# What is the precise definition of predual

How does one define "predual" and the surrounding notions? More specifically:

Why must there be only one predual of $X$ when $X$ is a Banach space? What is the correct notion of similarity here that gives this uniqueness? Is it isomorphic homeomorphism of Banach spaces? I'm also interested in the corresponding algebraic statement. Is it true that if $V$ is a vector space, then it has at most one predual?

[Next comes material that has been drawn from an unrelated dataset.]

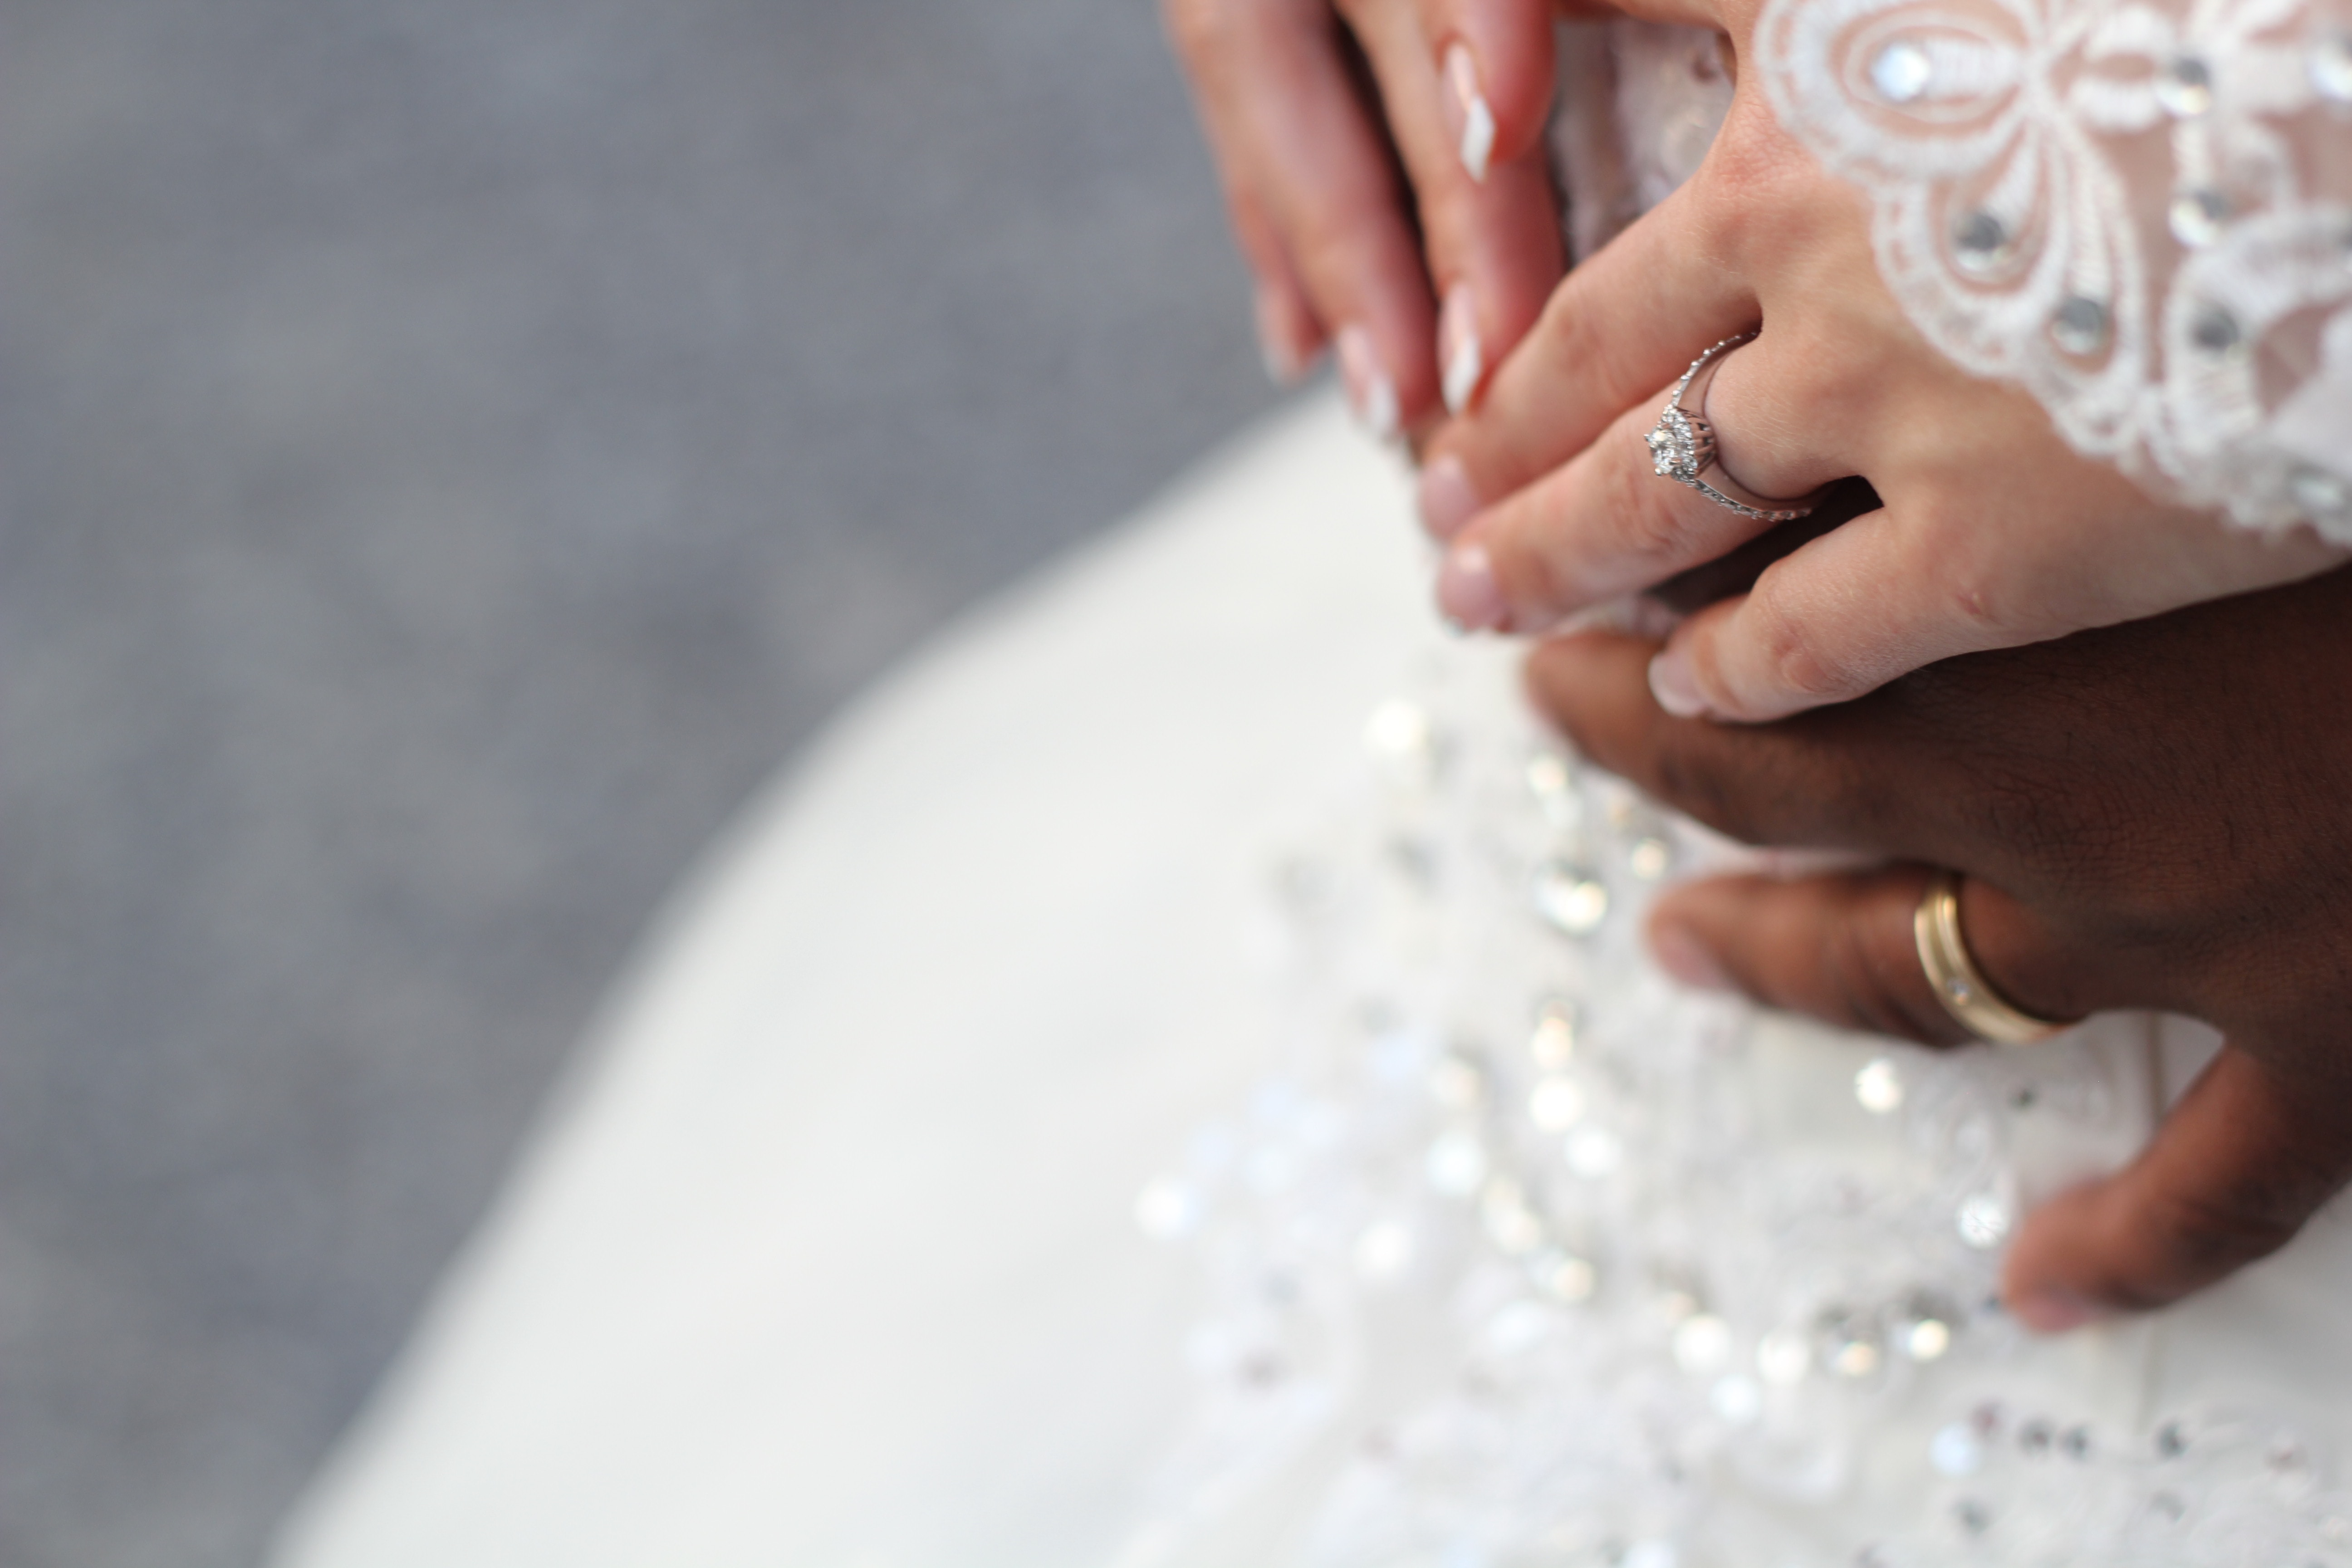 To Μίσιγκαν βάζει τέλος στους παιδικούς γάμους - 300.000 παντρεμένοι ανήλικοι σε 18 χρόνια

I have noticed from looking online that the predual of $B(H)$ is the trace class operators, and the predual of that is the compact operators, which strangely enough means that taking preduals doesn't always reduce the "size" of the space (I'm not able to be precise since I don't know the true meaning of the uniqueness of predual), even though in the algebraic setting, one always has the usual injection of a vector space into its dual. I suppose that this discrepancy is because in the analytic definition of dual, we require continuity, so that the dual vector of a vector $x$ in $X$ when $X$ is a Banach space need not actually be in the continuous dual $X^*$ of $X$?

-
What is true is that the predual of a von Neumann algebra is unique up to isometric isomorphism (that's part of Sakai's theorem characterizing von Neumann algebras as $C^\ast$-algebras that are dual spaces as Banach spaces). Generally, a Banach space has many preduals: $\ell^1$ has uncountably many pairwise non-isometrically isomorphic preduals (among which the function spaces $C(K)$ with $K$ a countable and compact Hausdorff space). –  t.b. Jun 4 '12 at 18:22
Thanks, that helps. Also, it just occurred to me that although the trace class operators may be a subset of the compact operators, there can still be an injection, even a nonsurjective one, from the compacts to the trace class operators. –  Jeff Jun 4 '12 at 18:27
After doing some internet searching, I have found a conspicuous level of avoidance of Sakai's theorem, as well as that people never define Von Neumann Algebras abstractly. Is this because the theorem is not considered pedagogically important, or because its proof is extremely difficult and not suitable for graduate students, or both? It seems I'd have to get a copy of Sakai's paper, which isn't available on Arxiv, not to mention I'm not even sure I have the prereqs to read it. –  Jeff Jun 4 '12 at 18:42
A paper from the fifties on ArXiV? :) Here's the original. Sakai's theorem is proved e.g. around Cor. III.3.9, p.135 in Takesaki, vol. I. I'm not an operator theorist but my suspicion is that (apart from historical reasons) many vNa's people look at "in practice" arise concretely, so that's a natural framework in some sense. The theory can easily and elegantly developed from the abstract point of view, that's done e.g. in Sakai's book. –  t.b. Jun 4 '12 at 19:00

As pointed out in comments, preduals of general Banach spaces are not unique, even up to (non-isometric) isomorphism. For example, see the paper by Benyamini and Lindenstrauss, A predual of $\ell_1$ which is not isomorphic to a $C(K)$ space (Israel J. Math. 13 (1972), 246-254) or related MathOverflow threads Preduals of B(E) and separable $L^1$ predual.